Task objective:
Once the pictures are set aside, reproduce the remaining data exactly.

Given data:
________________
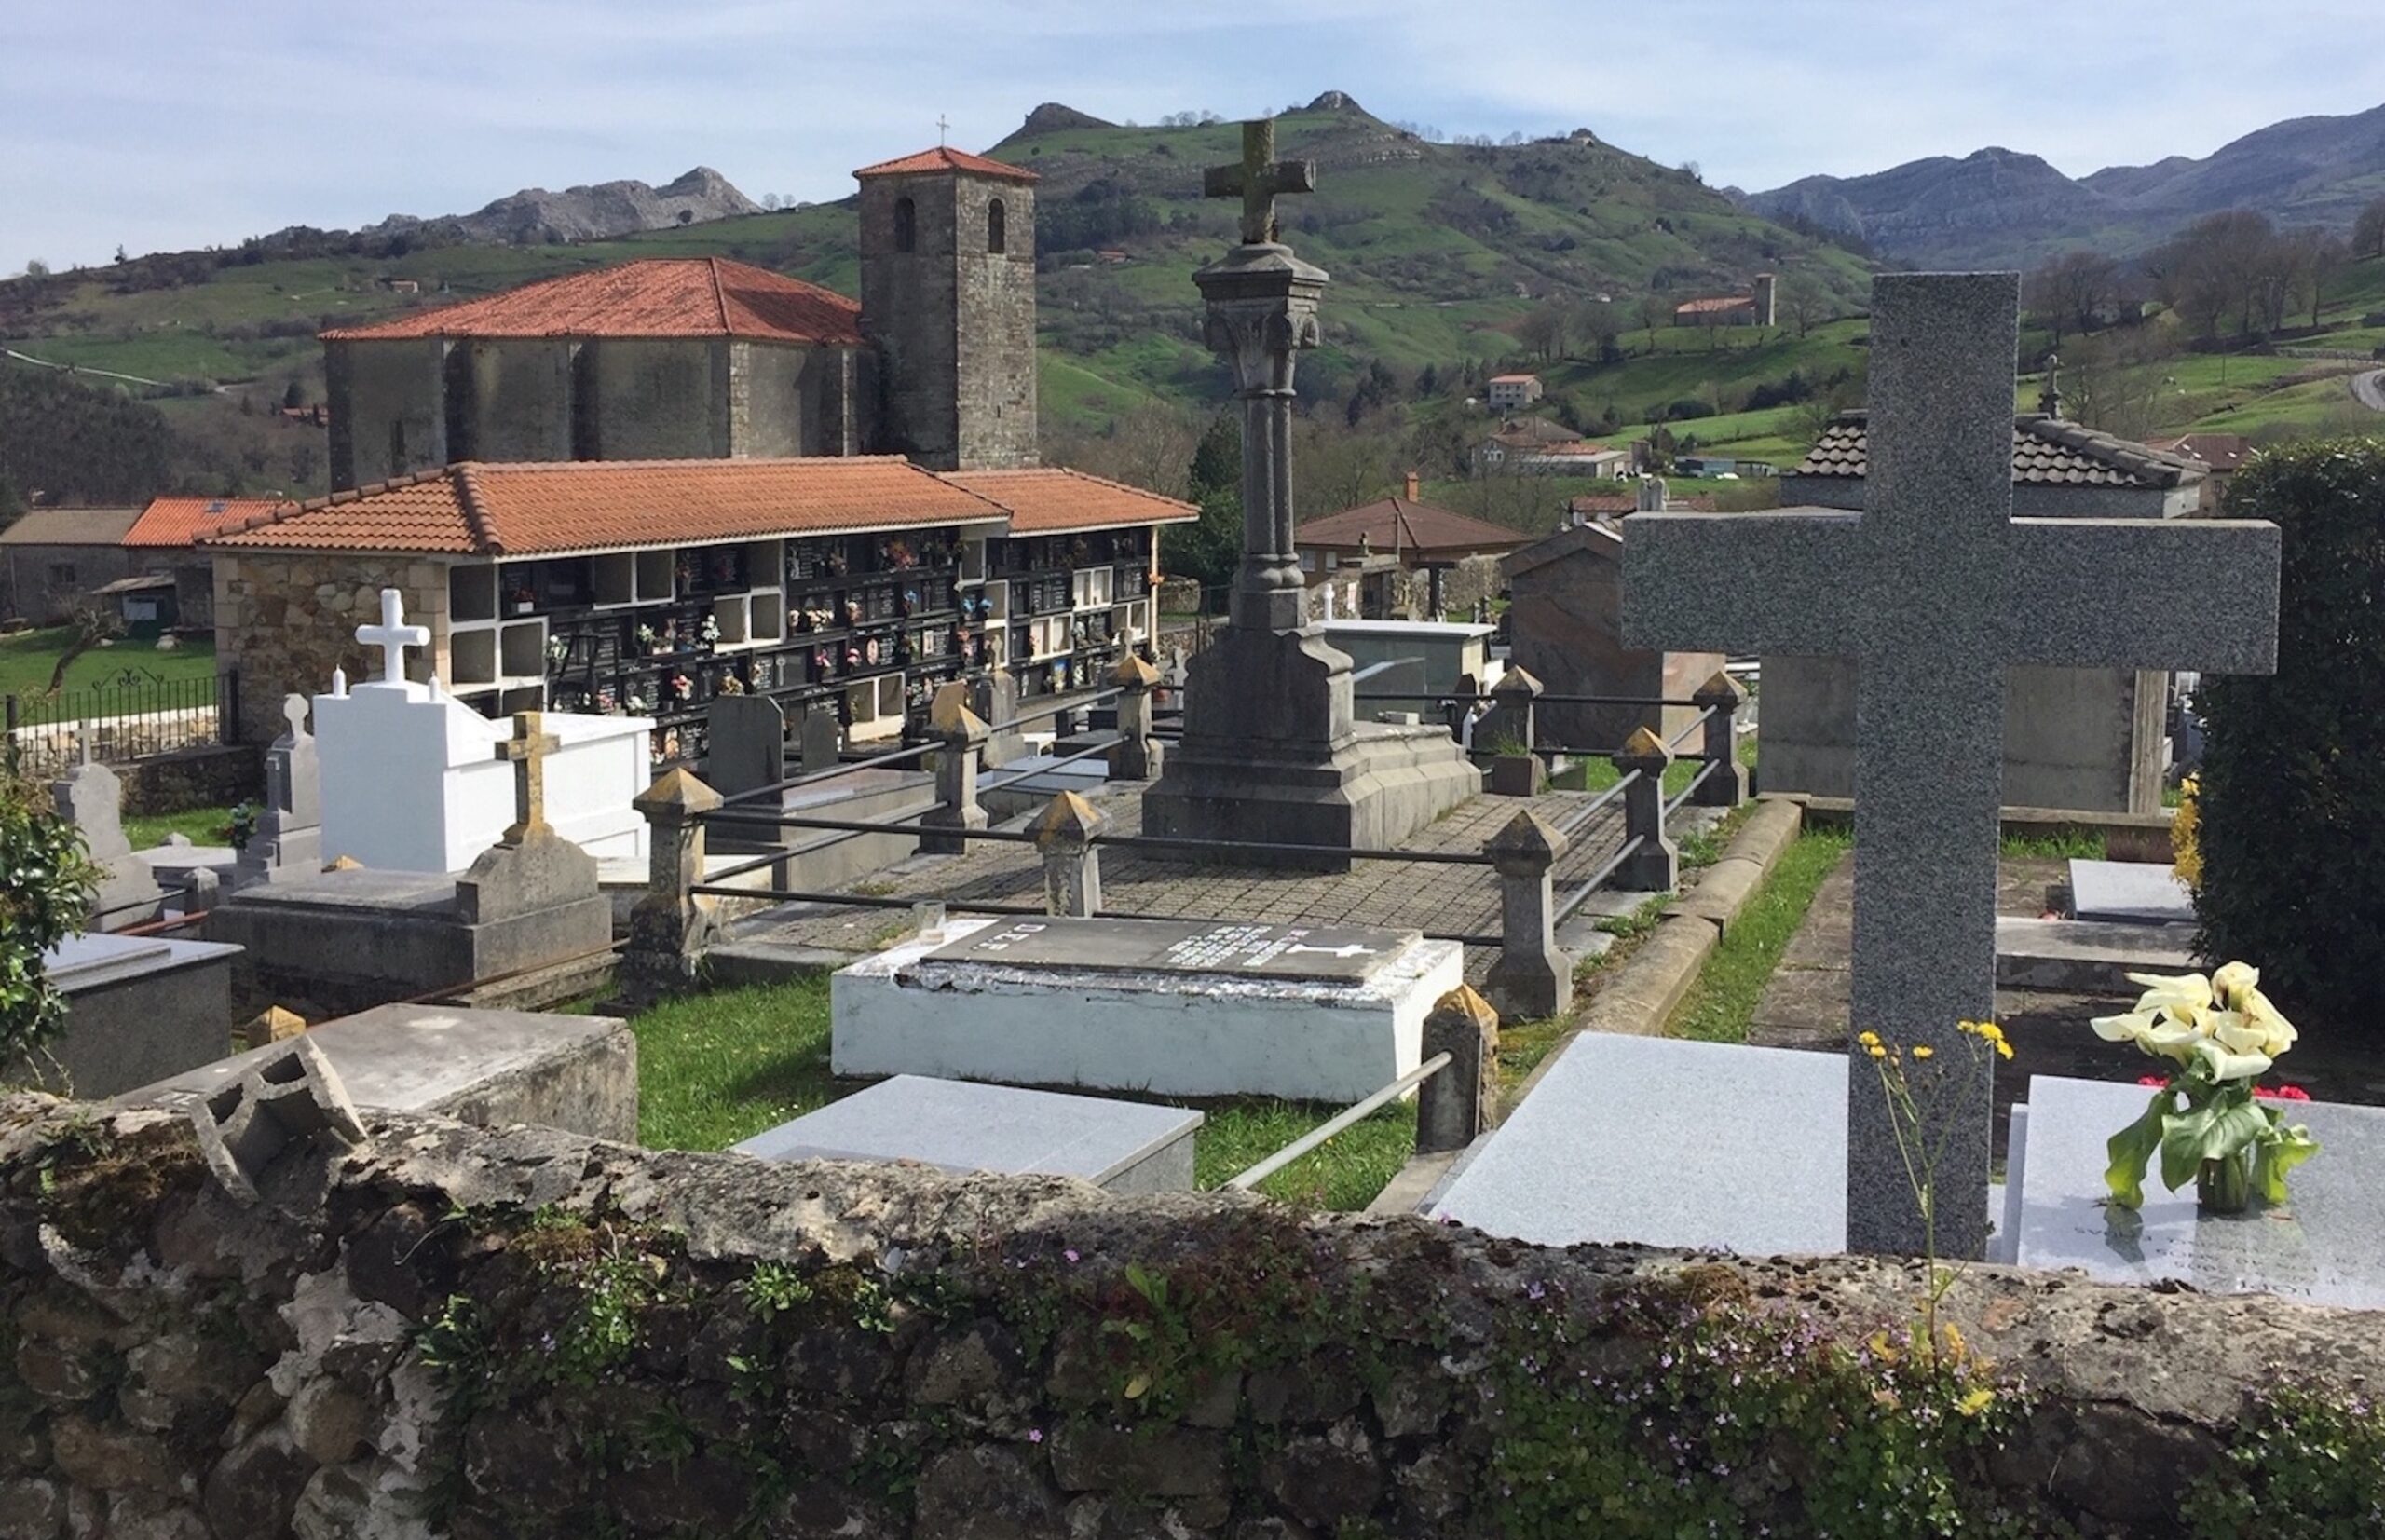 Inician la tercera fase de ampliación del cementerio de Liérganes con la construcción de 56 nuevos nichos
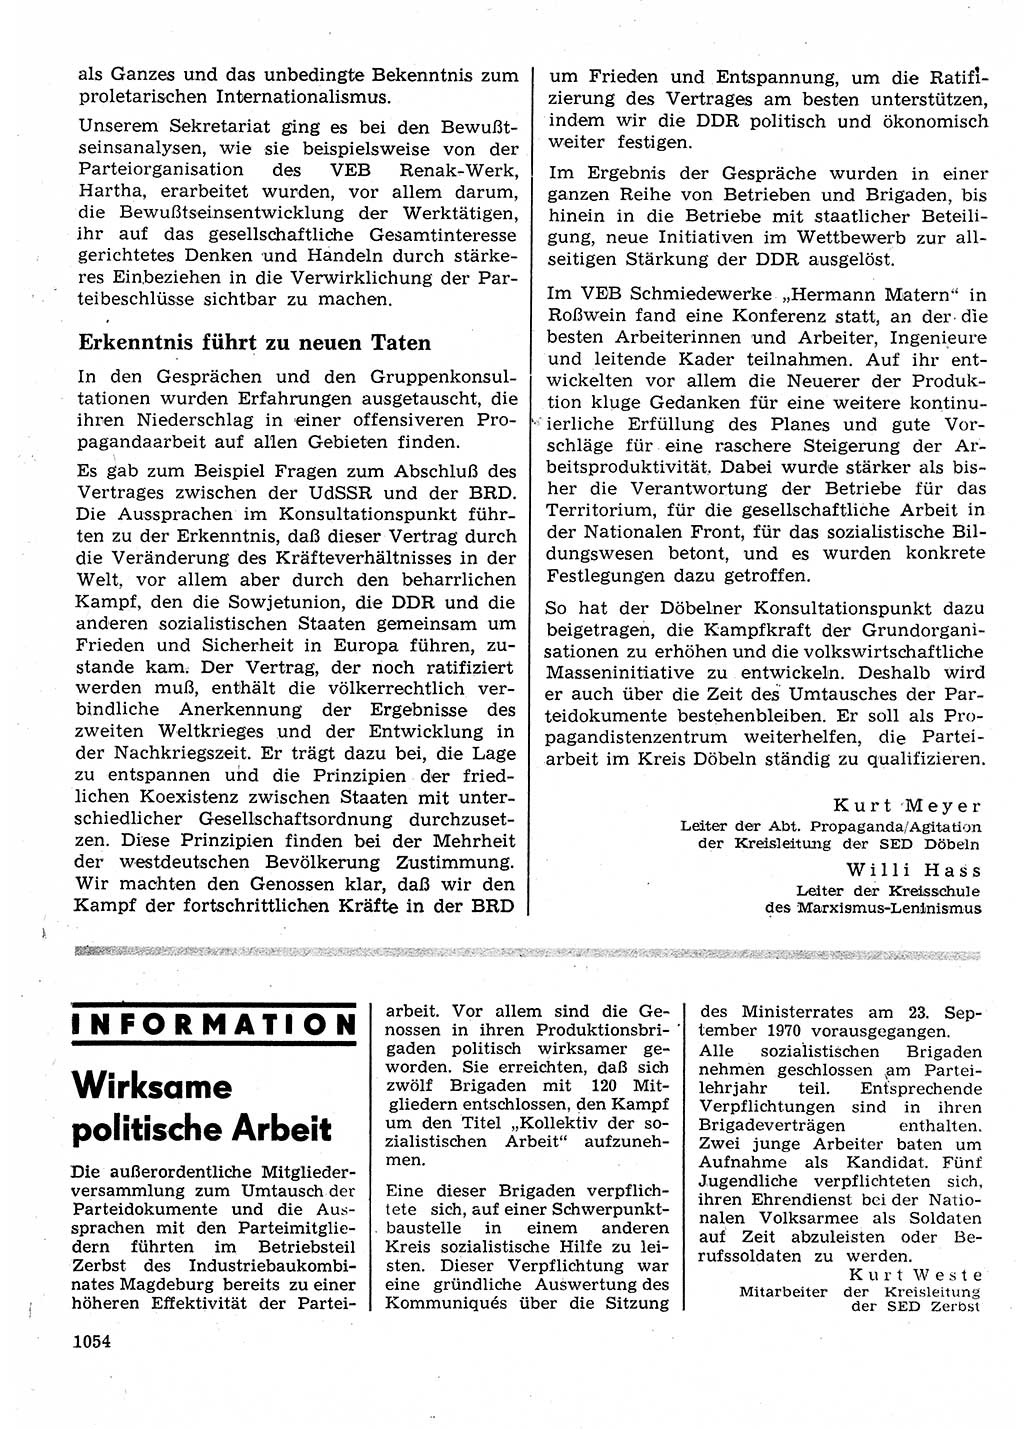 Neuer Weg (NW), Organ des Zentralkomitees (ZK) der SED (Sozialistische Einheitspartei Deutschlands) für Fragen des Parteilebens, 25. Jahrgang [Deutsche Demokratische Republik (DDR)] 1970, Seite 1054 (NW ZK SED DDR 1970, S. 1054)
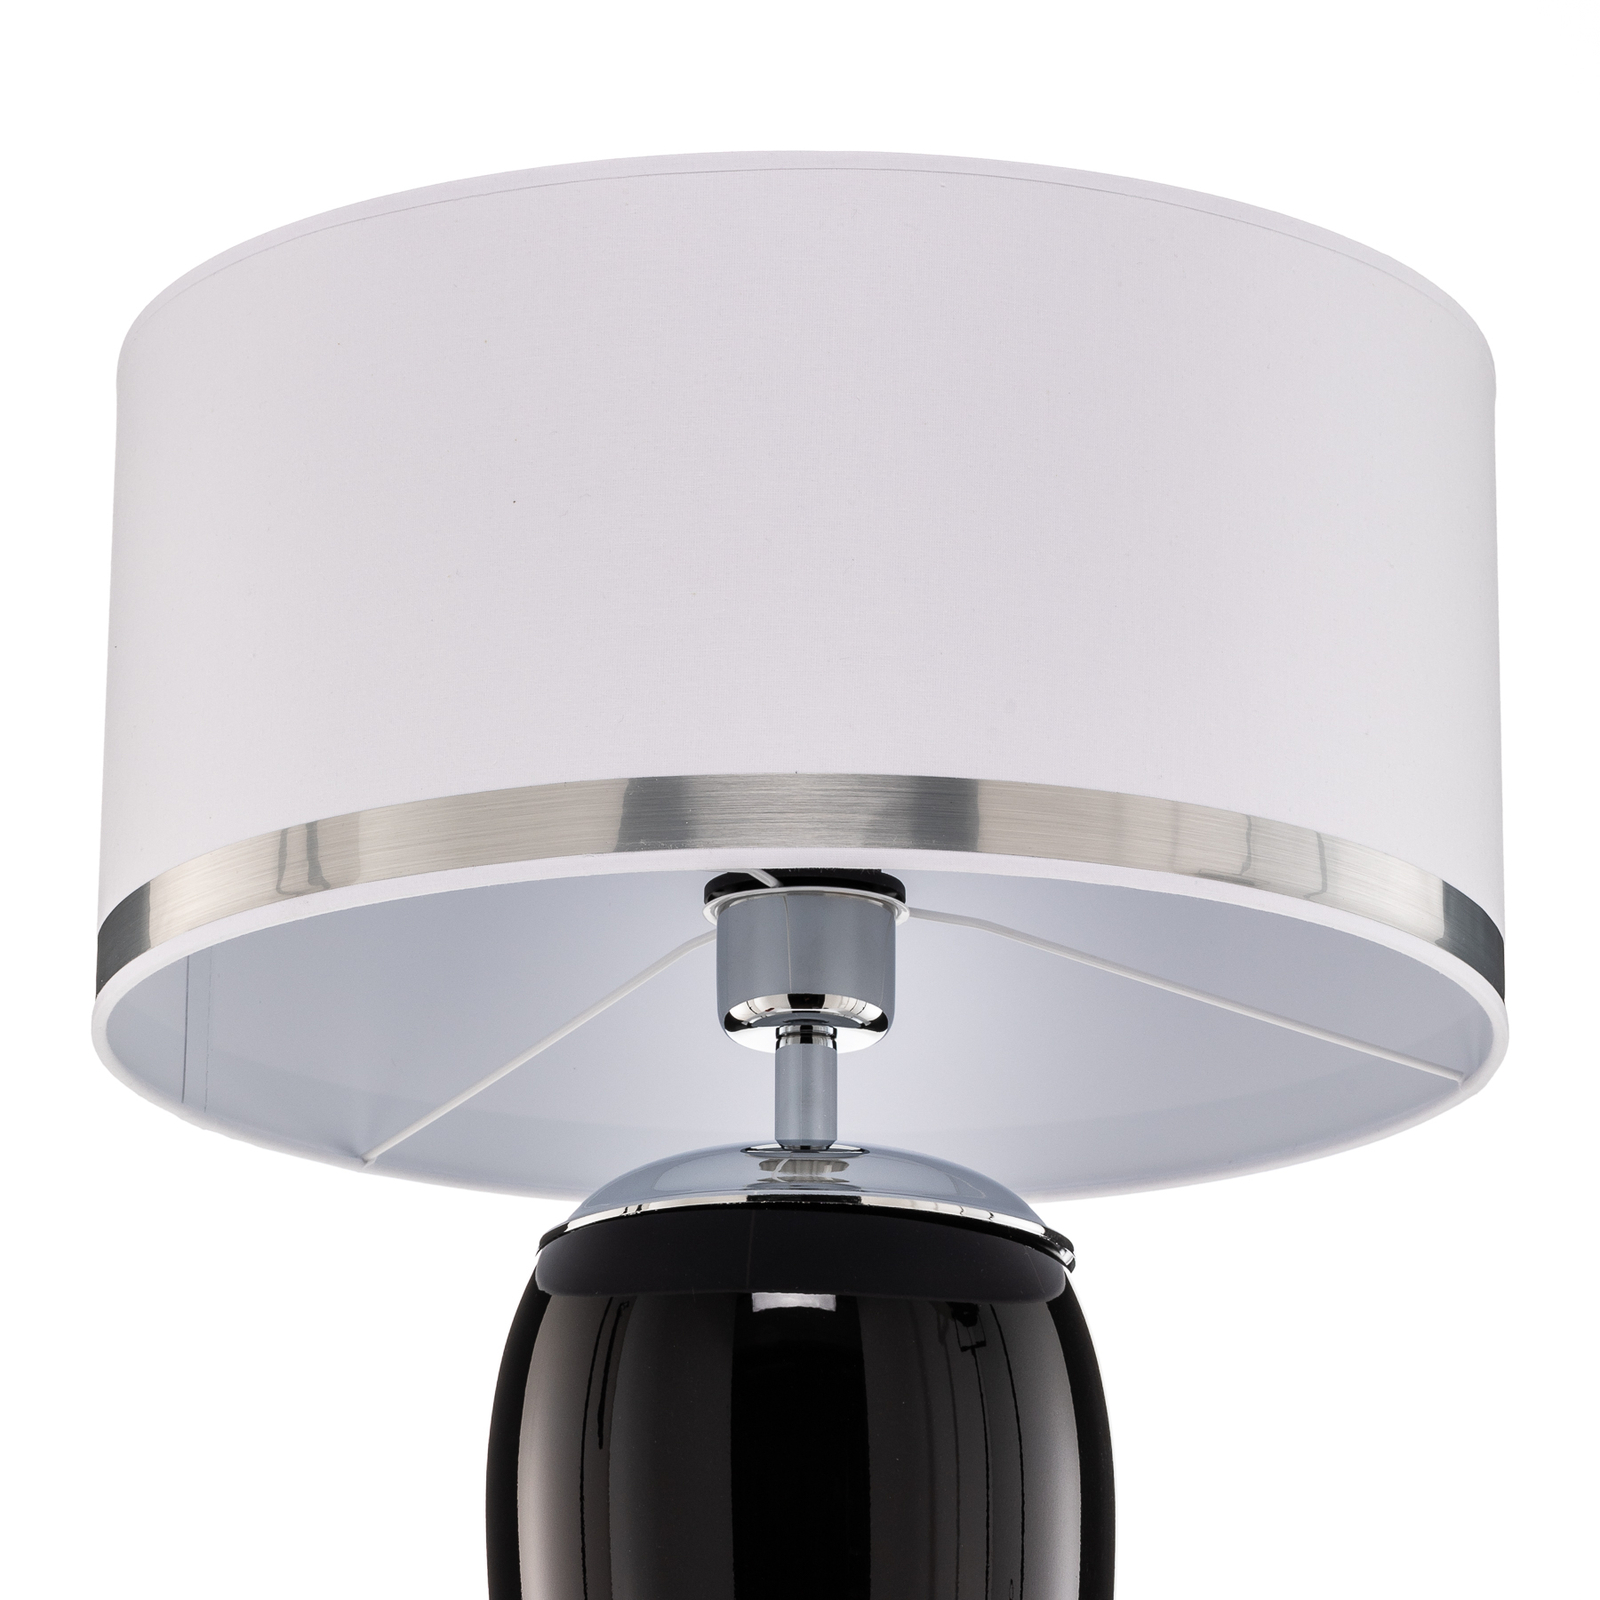 Bordlampe Lund i hvit og svart, høyde 70 cm
________________
Response area:
 Inician la tercera fase de ampliación del cementerio de Liérganes con la construcción de 56 nuevos nichos
 Neuer Weg (NW), Organ des Zentralkomitees (ZK) der SED (Sozialistische Einheitspartei Deutschlands) für Fragen des Parteilebens, 25. Jahrgang [Deutsche Demokratische Republik (DDR)] 1970, Seite 1054 (NW ZK SED DDR 1970, S. 1054)
 Bordlampe Lund i hvit og svart, høyde 70 cm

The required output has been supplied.